In my case, it’s nowhere NEAR what this woman went through. But I’m sure a lot of women can relate to the battle of being sent into a negative mental state depending on how they look. When someone comments on how we look (whether they have this intention or not),

it fundamentally tells us that our current state of being is better than our former state of being.

We think how we look now must be superior to how we used to look. Which means we need to work hard to make sure we don’t go back to that place where we DIDN’T “look good”. Which leads to number 3.

3. When my appearance changes, my character doesn’t.

If you only hear one thing I say, hear this: WHAT YOU LOOK LIKE DOES NOT CHANGE WHO YOU ARE. If you gain 50 pounds, you’re not a worse person than before. If you put on a ton of muscle, you’re not a better person than before. If you have acne and frizzy hair, you can perform your job just as effectively as someone who has clear skin and perfectly tamed locks. My body has fluctuated so many times, and I can honestly say that getting smaller does not correlate with being a better person. Does that mean we shouldn’t ever try to change how we look? No, but we should definitely investigate our reasons for wanting to change and make sure our mindset is in a healthy place first.


4. We need to stop talking about bodies in general.

This is the one that really gets me. Because for a long time I followed people on social media who would post pictures of their perfect bodies. Then I stopped. Then I started following people who would post pictures of their imperfect bodies. Then I stopped. Are either of these inherently wrong? Of course not.

But I came to realize that either way, it was all about appearance.

Body positivity is a wonderful movement, but at the end of the day, we’re still focusing on bodies.

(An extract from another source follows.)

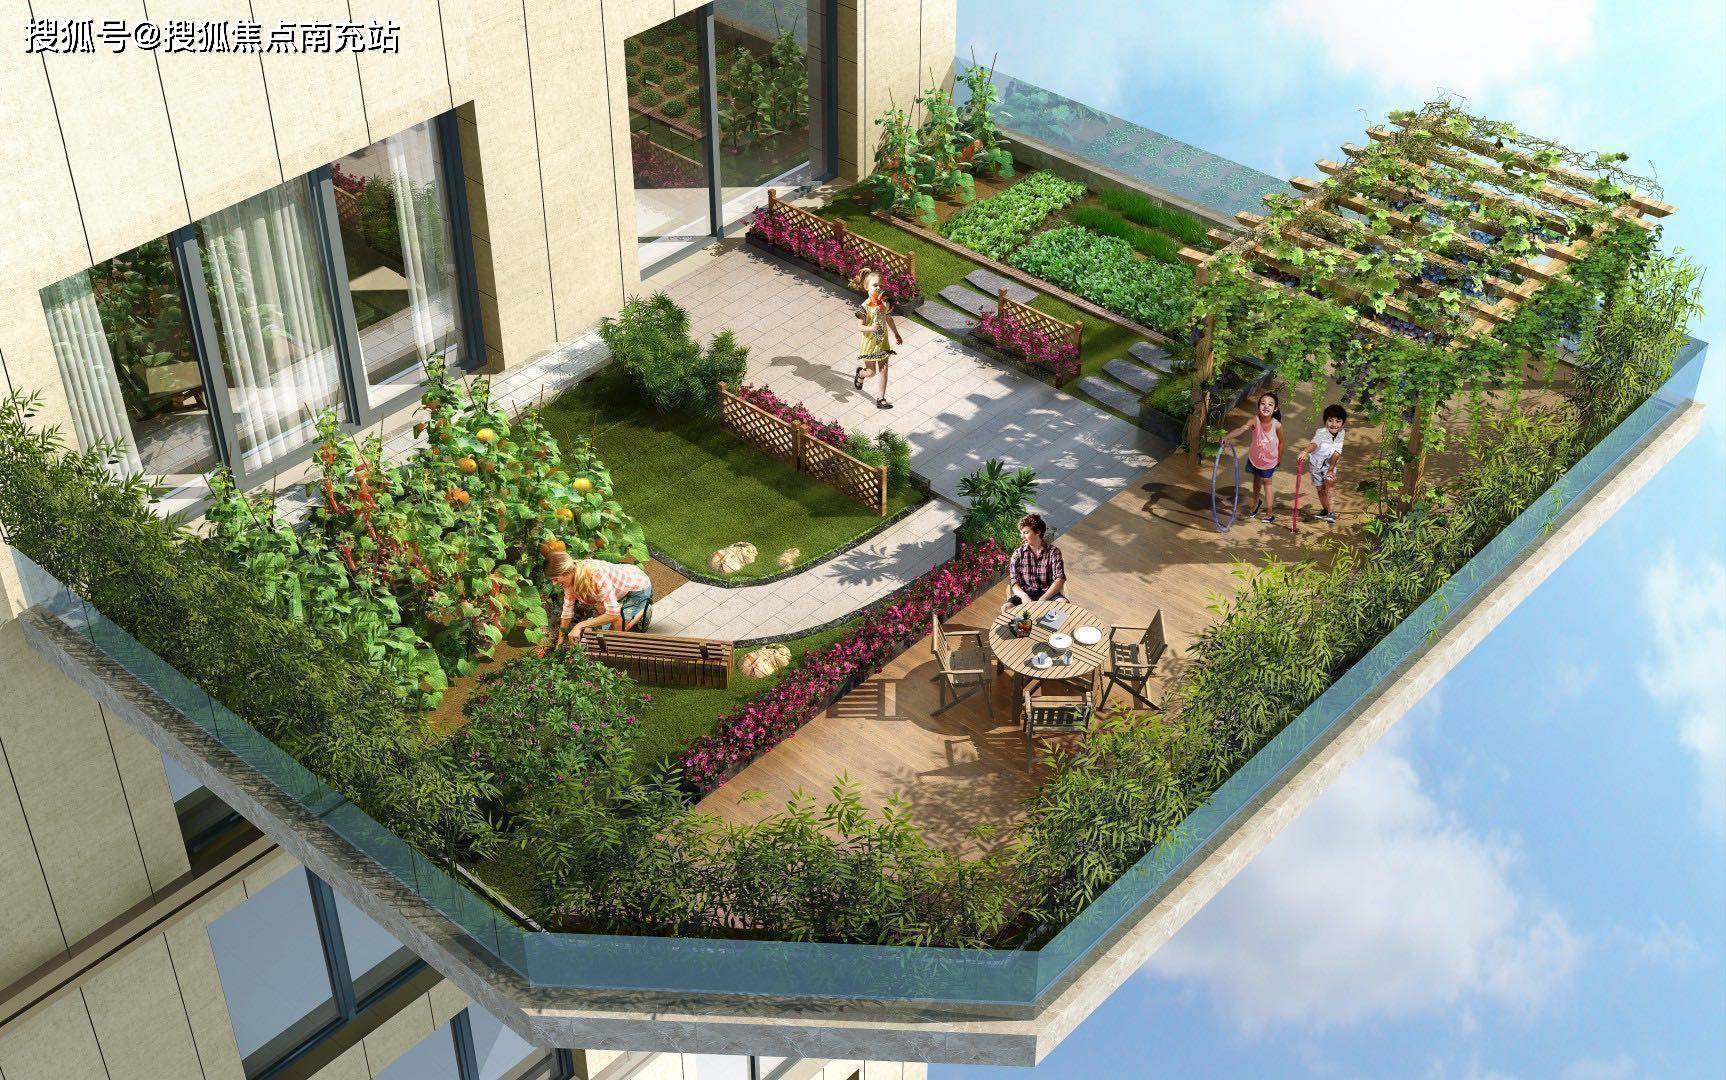 项目类型:类四代建筑,围合式建筑,超大中庭,户户享有私家花园在售面积

We’re still giving our attention to what people look like instead of who they are. And I’m just kind of past the stage where I want to talk about or read about or look at bodies any more. Do I still struggle with this sometimes? You’d better believe it. But what I really want is to improve my character. I want to know more about other people’s thoughts, ideas, and beliefs. I want to hear about how you are changing the world. And your body is not doing that, your heart and mind are. But of course, we do still need to take care of our physical selves in order to accomplish the things we want to do in life.

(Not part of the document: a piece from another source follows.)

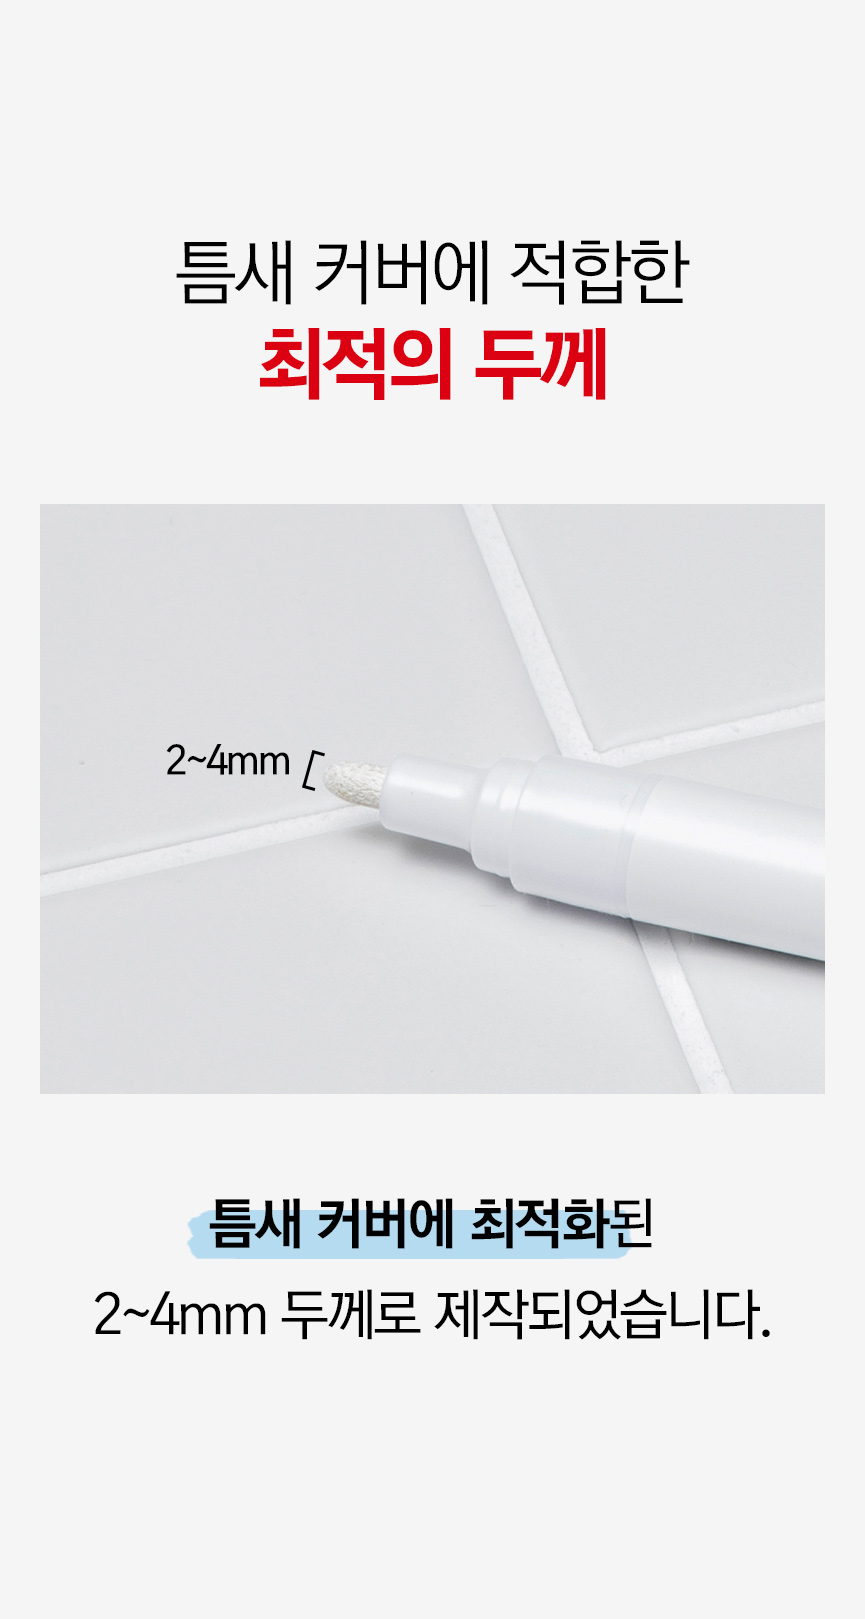 韓國食品-[Cleanboss] Neat marker for gap (2 marker + 6 pen tips)

Which is why I do what I do.

If you’re reading this and feeling guilty for ever saying this, PLEASE don’t. If you say it to me in the future, that’s fine, too. There is absolutely no judgement coming from me. This is something that is so ingrained in us as a society. We love to compliment each other and I know there is no ill meaning in telling someone they look good.

But before you do, please just consider if there is something else you could compliment them on instead. Like how thoughtful the birthday card they sent was. Or how patient they are with their children. Or how they spoke their mind gracefully. There are endless ways that we can compliment each others’ character, and I’m simply suggesting we start sharing those more often.

Sweet friends, I see your hearts. And they are as beautiful as they come.

Your appearance is the least interesting thing about you.